Almost a year ago I learned about a totally fun piece of toddler play equipment and started hunting for it everywhere as it is no longer produced. I almost drove two hours away to get one for fifty bucks when I decided to forget about it. Today I picked one up for $2.50 at a thrift store. Awesome!

It is crazy-hot here and we are trying not to overheat. We try to do the park in the late afternoon. It’s already 95 degrees here by 9 AM sometimes so the morning doesn’t work. We try to stick to playgrounds with shade. Also, our play area in the yard is in the shade and on the deck we have an umbrella and a baby pool and the most totally awesome thing: a misting fan! Helps so much. For really hot (or rainy) days we go run around Wal-mart or Target. This will seriously occupy us for up to 1.5 hours. I’m lucky to have a kid that stays close, though, and doesn’t take everything off the shelves. Some afternoons we go to outdoor pools as guests of various friends. In the morning we go to the library, the indoor pool, activities, friends’ houses, our backyard, run errands, play at home. Lots of drinks. Oh and cool baths, which is especially helpful as Baby drinks a ton of water in the tub. My bigger problem than heat here is actually mosquitoes. Yesterday Baby played in our little pool for a while and though I defended her constantly, she has like 13 bites today! But bug sprays scare me.

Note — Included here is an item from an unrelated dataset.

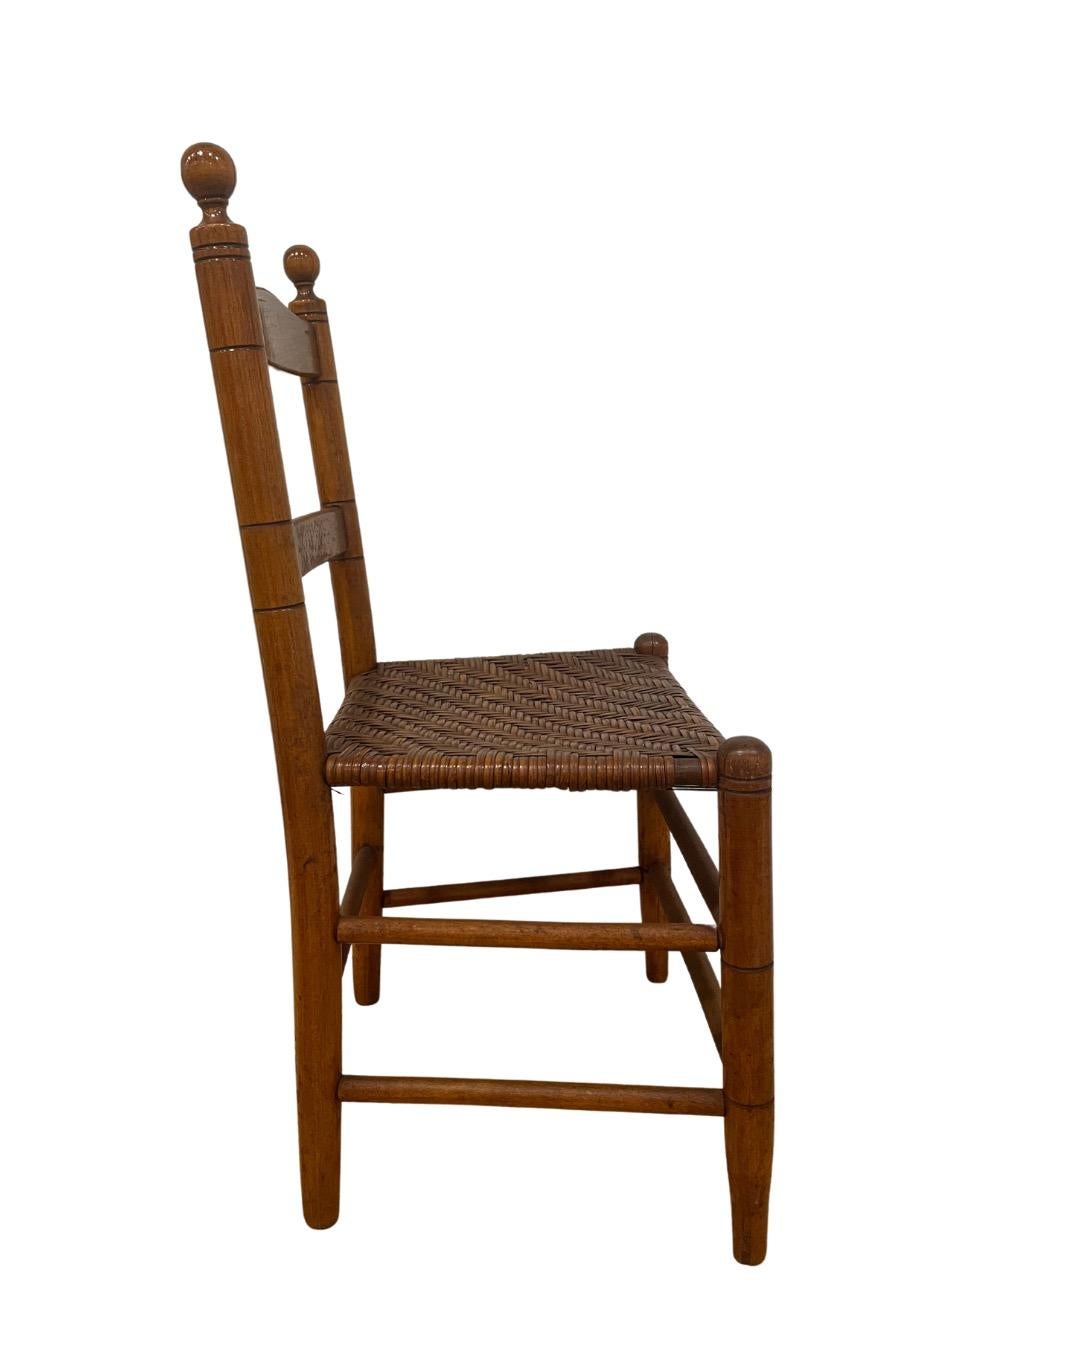 Chaise d'enfant en bois attribuée à F.A. Sinclair de Mottville, NY.  Estimé au 19e siècle. Finition brun moyen de la chaise et de l'assise. 

Les caractéristiques comprennent un dossier en forme d'échelle, des fleurons en forme de boule et des pieds

Today I brought the potty chair to the (hardwood floor) living room and let Baby go naked and play for a while. She peed four times in the space of an hour! Not once in the potty, though. However, she is now apparently able to sense that she has to pee. The second time she peed, she said “pee pee” and pointed a minute or so before peeing. I encourage her to go sit on the potty but she got distracted. The fourth time she was on the stepstool in the kitchen washing her hands when apparently the urge struck her, causing her to become quite upset, as she had discovered by then that she didn’t like the sensation of peeing on herself (especially her feet) and getting the floor wet. I suggested that in the future she could avoid that by sitting on the potty. She’s not ready yet, though, but at least we can take advantage of the hot weather with this helpful naked time. I was potty-trained at one, but then I lived in China and had split pants, making it much easier. I’m considering making Baby some split pants to use around the yard and the downstairs.